For Moneycontrol's Pro Panorama December 9 edition: Nepal-China deal poses challenge to India, markets at crossroads, Indian businesses maybe getting smaller, EV batteries — powering the future, and more

December 09, 2024 / 15:33 IST
Oil prices are unlikely to increase significantly unless triggered by either a supply shortage or arising geopolitical tensions.

Dear Reader,

The recent conclusion of the Syrian Civil War, which began in 2011, has stirred a subtle shift in the global oil market, yet the anticipated impact on oil prices has been surprisingly muted. Traditionally, any upheaval in the Middle-East would send ripples through oil prices. However, the current dynamics reveals a more complex landscape.
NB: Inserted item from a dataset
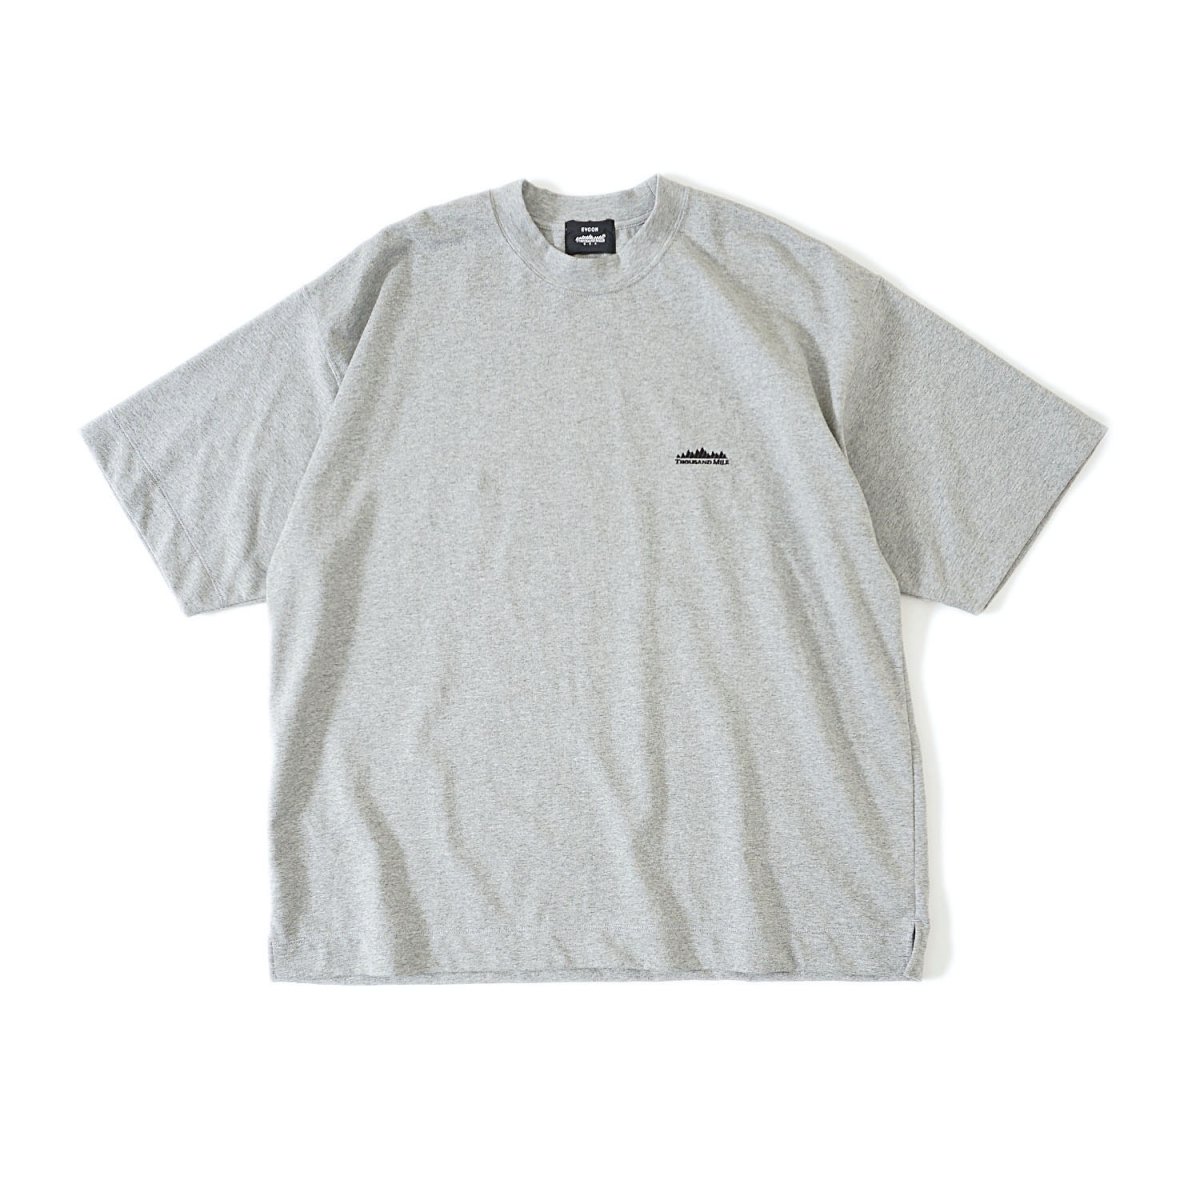 EVCON<BR>THOUSAND MILE SUMMER SWEAT SET UP (GRAY)

While not a major global oil producer, Syria holds a strategic position as the only significant crude oil-producing nation in the Eastern Mediterranean, encompassing Jordan, Lebanon, Israel, and the Palestinian territories. Despite this strategic importance, oil prices have barely budged following the end of hostilities in Syria.

Instead, they have faced downward pressure following Saudi Arabia's unexpected decision to cut prices for Asian buyers significantly. Saudi Aramco announced a reduction in its premium for Arab Light crude from $1.70 to just 90 cents per barrel above the regional benchmark for January sales—far below market expectations of a decrease to around $1.

This price adjustment is not limited to Asia; Saudi Aramco has similarly reduced premiums for markets in north-west Europe and the Mediterranean while maintaining prices for North America.

Brent crude is trading at just over $71 per barrel while West Texas Intermediate (WTI) is around $67 per barrel, with prices remaining relatively stable since a ceasefire was declared between Israel and Hezbollah.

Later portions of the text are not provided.